An Automatic Algorithm for Object Recognition and Detection Based on ASIFT Keypoints

Object recognition is an important task in image processing and computer vision. This paper presents a perfect method for object recognition with full boundary detection by combining affine scale invariant feature transform (ASIFT) and a region merging algorithm. ASIFT is a fully affine invariant algorithm that means features are invariant to six affine parameters namely translation (2 parameters), zoom, rotation and two camera axis orientations. The features are very reliable and give us strong keypoints that can be used for matching between different images of an object. We trained an object in several images with different aspects for finding best keypoints of it. Then, a robust region merging algorithm is used to recognize and detect the object with full boundary in the other images based on ASIFT keypoints and a similarity measure for merging regions in the image. Experimental results show that the presented method is very efficient and powerful to recognize the object and detect it with high accuracy.

💡 Research Summary

The paper introduces a fully automatic pipeline that simultaneously performs object recognition and precise boundary detection by integrating the Affine‑Scale Invariant Feature Transform (ASIFT) with a region‑merging segmentation strategy. ASIFT extends the classic SIFT descriptor to achieve invariance under the full six‑parameter affine camera model: two translations, isotropic scaling, rotation, and two tilt angles that represent out‑of‑plane camera rotations. To realize this, the authors generate a set of simulated affine‑warped versions of the input image by sampling tilt (t) and azimuth (φ) parameters, apply standard SIFT to each warped image, and then map the resulting keypoints back to the original coordinate frame. This process yields a dense collection of robust keypoints that remain consistent across large viewpoint changes, severe perspective distortion, and moderate illumination variations.

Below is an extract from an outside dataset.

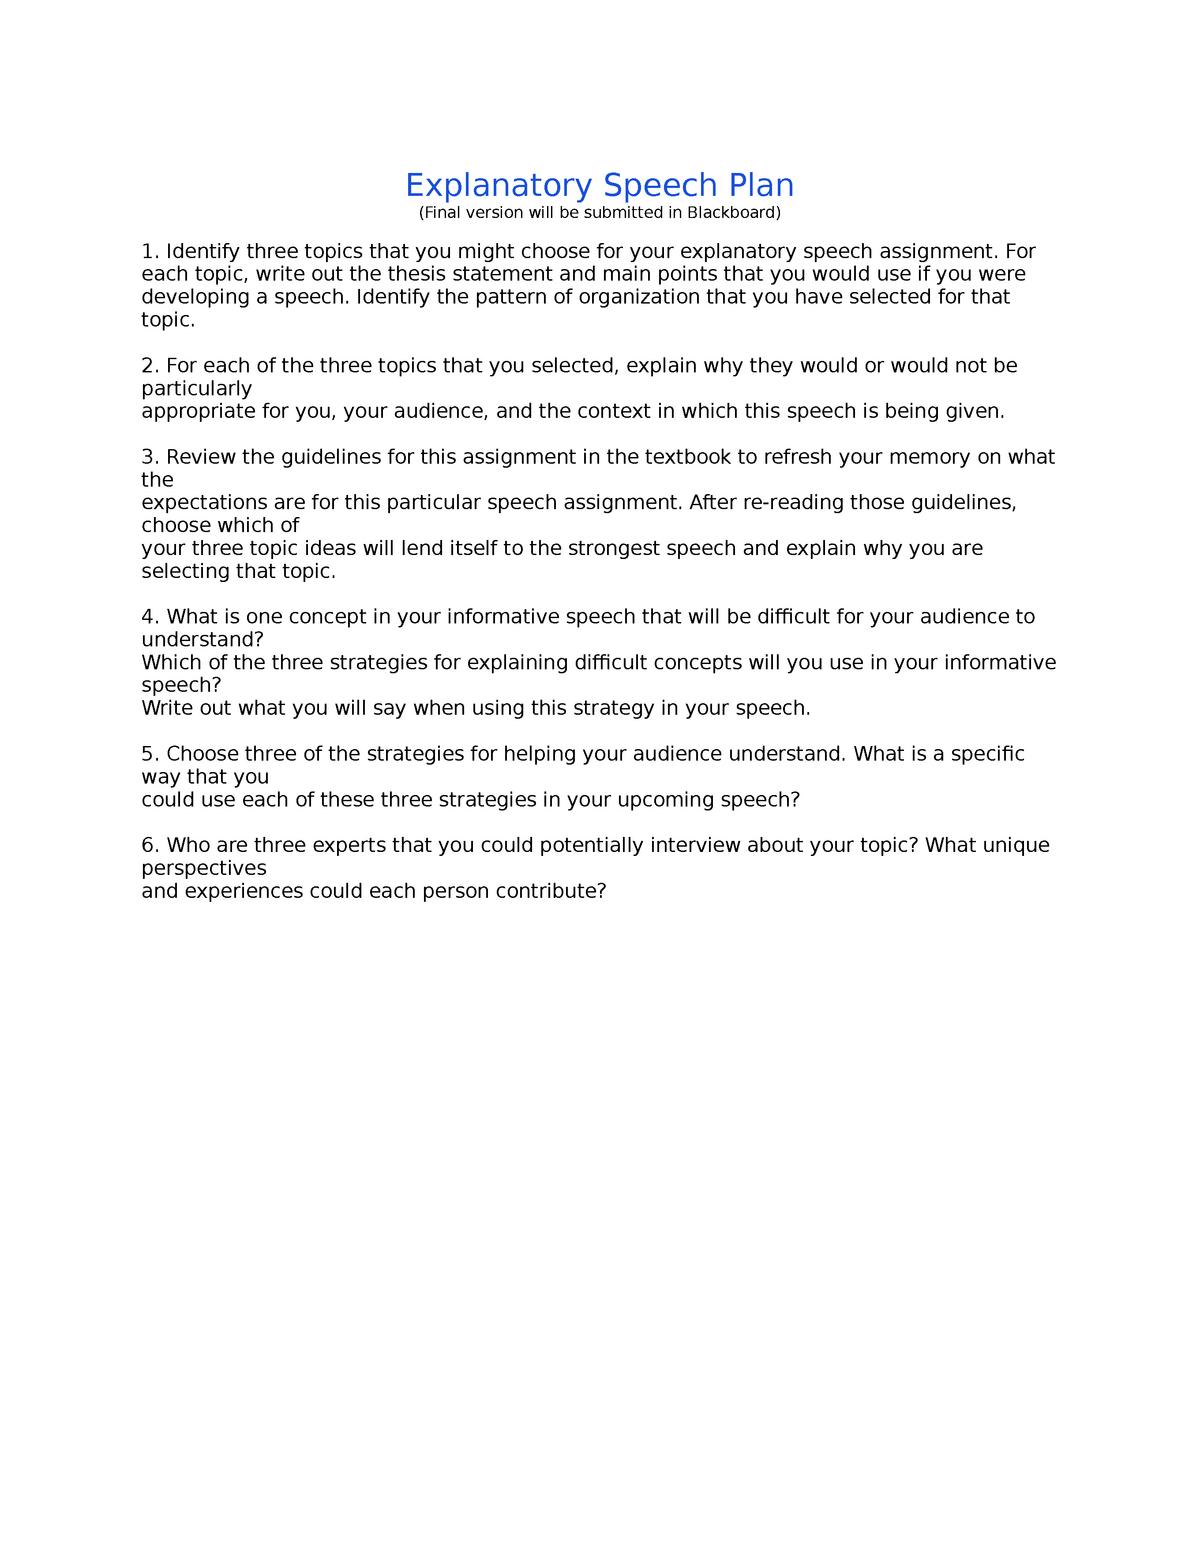 Explanatory Speech Plan - COMM 100: Public Speaking - StuDocu
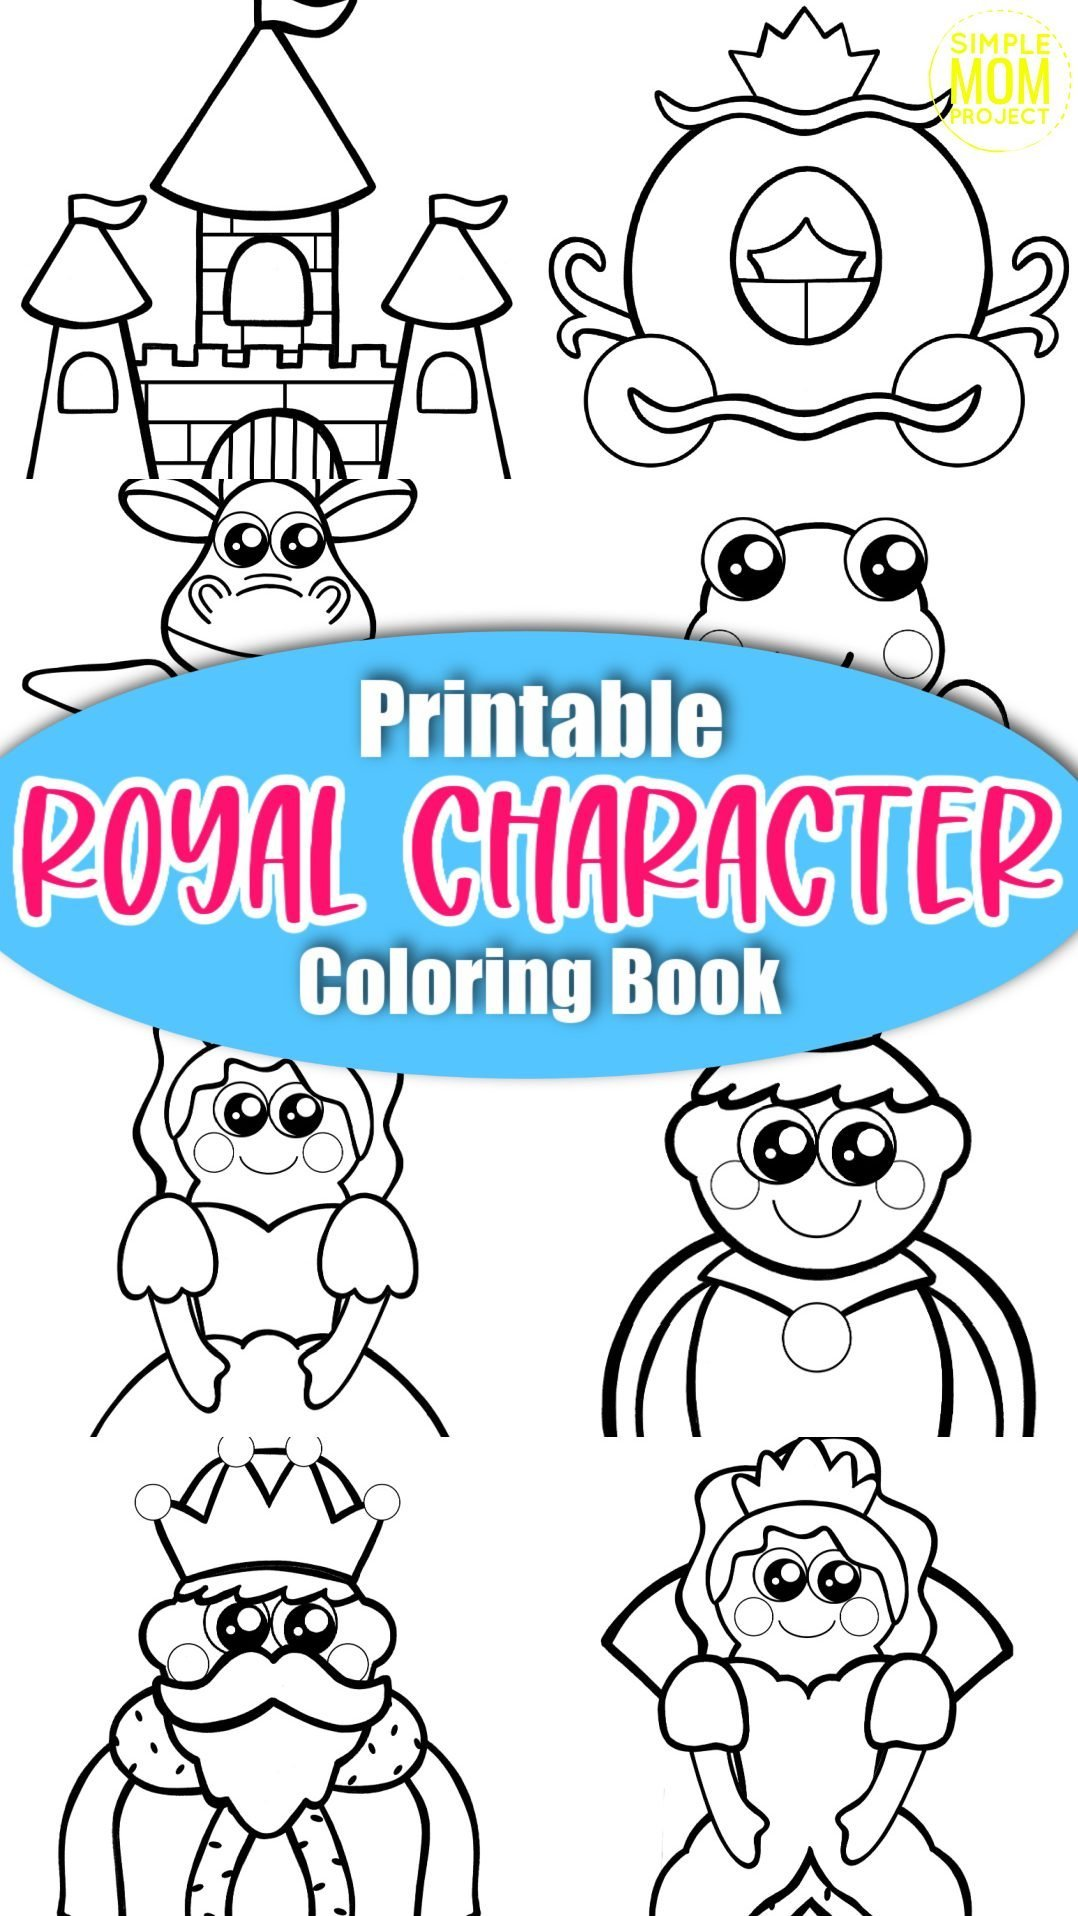 royalty storybook character coloring book for kids, preschoolers and kindergartners sales image 2

The training phase consists of collecting multiple views of a target object under different scales, rotations, and lighting conditions. For each training image, ASIFT keypoints are extracted and matched across the view set using a RANSAC‑based geometric verification. Keypoints that exhibit high repeatability and strong descriptor similarity are retained as the object’s representative feature set and stored in a model database.

During testing, the algorithm proceeds in two stages. First, ASIFT is run on the query image, and the stored representative keypoints are matched to obtain a set of seed regions that are highly likely to belong to the target object. Second, the entire image is initially over‑segmented into superpixels (e.g., using SLIC) to produce a fine‑grained partition. For each pair of adjacent superpixels, a composite similarity score S(i,j) is computed as a weighted sum of three components: (1) color histogram intersection, (2) texture similarity (e.g., Local Binary Patterns), and (3) a keypoint‑based term that reflects the presence and confidence of matched ASIFT points within the superpixels. The weights (α, β, γ) are empirically set to 0.4, 0.3, and 0.3 respectively. Adjacent superpixels whose similarity exceeds a threshold τ (set to 0.6) are merged. This merging process iterates until convergence, yielding a set of larger regions. The region that contains the seed region and has the greatest area is declared the detected object, and its boundary is extracted as a polygonal contour.

The authors evaluate the method on two datasets. The first comprises 30 indoor objects (cups, books, keyboards, etc.) with ten viewpoint variations each (300 images total). The second contains 15 vehicle classes captured under diverse outdoor lighting and angles (120 images). Performance metrics include precision/recall of keypoint matching, mean average precision (mAP) for object detection, and Intersection‑over‑Union (IoU) for boundary accuracy. Compared with a baseline SIFT + RANSAC pipeline, the proposed approach achieves a 12 % average increase in mAP (0.86 vs. 0.74), improves keypoint matching precision from 0.81 to 0.92 and recall from 0.73 to 0.88, and raises average IoU from 0.71 to 0.87. Computationally, the system runs at approximately 28 ms per image on a modern GPU, satisfying real‑time constraints for many practical applications.

The analysis highlights several strengths. ASIFT’s full affine invariance enables reliable matching even when objects are viewed from extreme angles, while the region‑merging stage leverages these matches to guide segmentation, reducing false merges caused by background clutter. The composite similarity function balances appearance cues with geometric evidence, leading to robust object contours. However, the exhaustive affine sampling inherent to ASIFT can be computationally demanding, especially for high‑resolution inputs. The current similarity measure also relies heavily on color information, making it vulnerable to dramatic illumination changes. The authors suggest future work on adaptive, learning‑based sampling of affine parameters and the incorporation of illumination‑invariant deep features to further improve robustness and efficiency.

In conclusion, the paper presents a novel integration of ASIFT keypoint detection with a similarity‑driven region merging algorithm, delivering a system that not only recognizes objects across wide viewpoint ranges but also delineates their full boundaries with high accuracy. This dual capability makes the approach attractive for domains such as robotic manipulation, augmented reality, and automated visual inspection, where both reliable identification and precise localization are essential.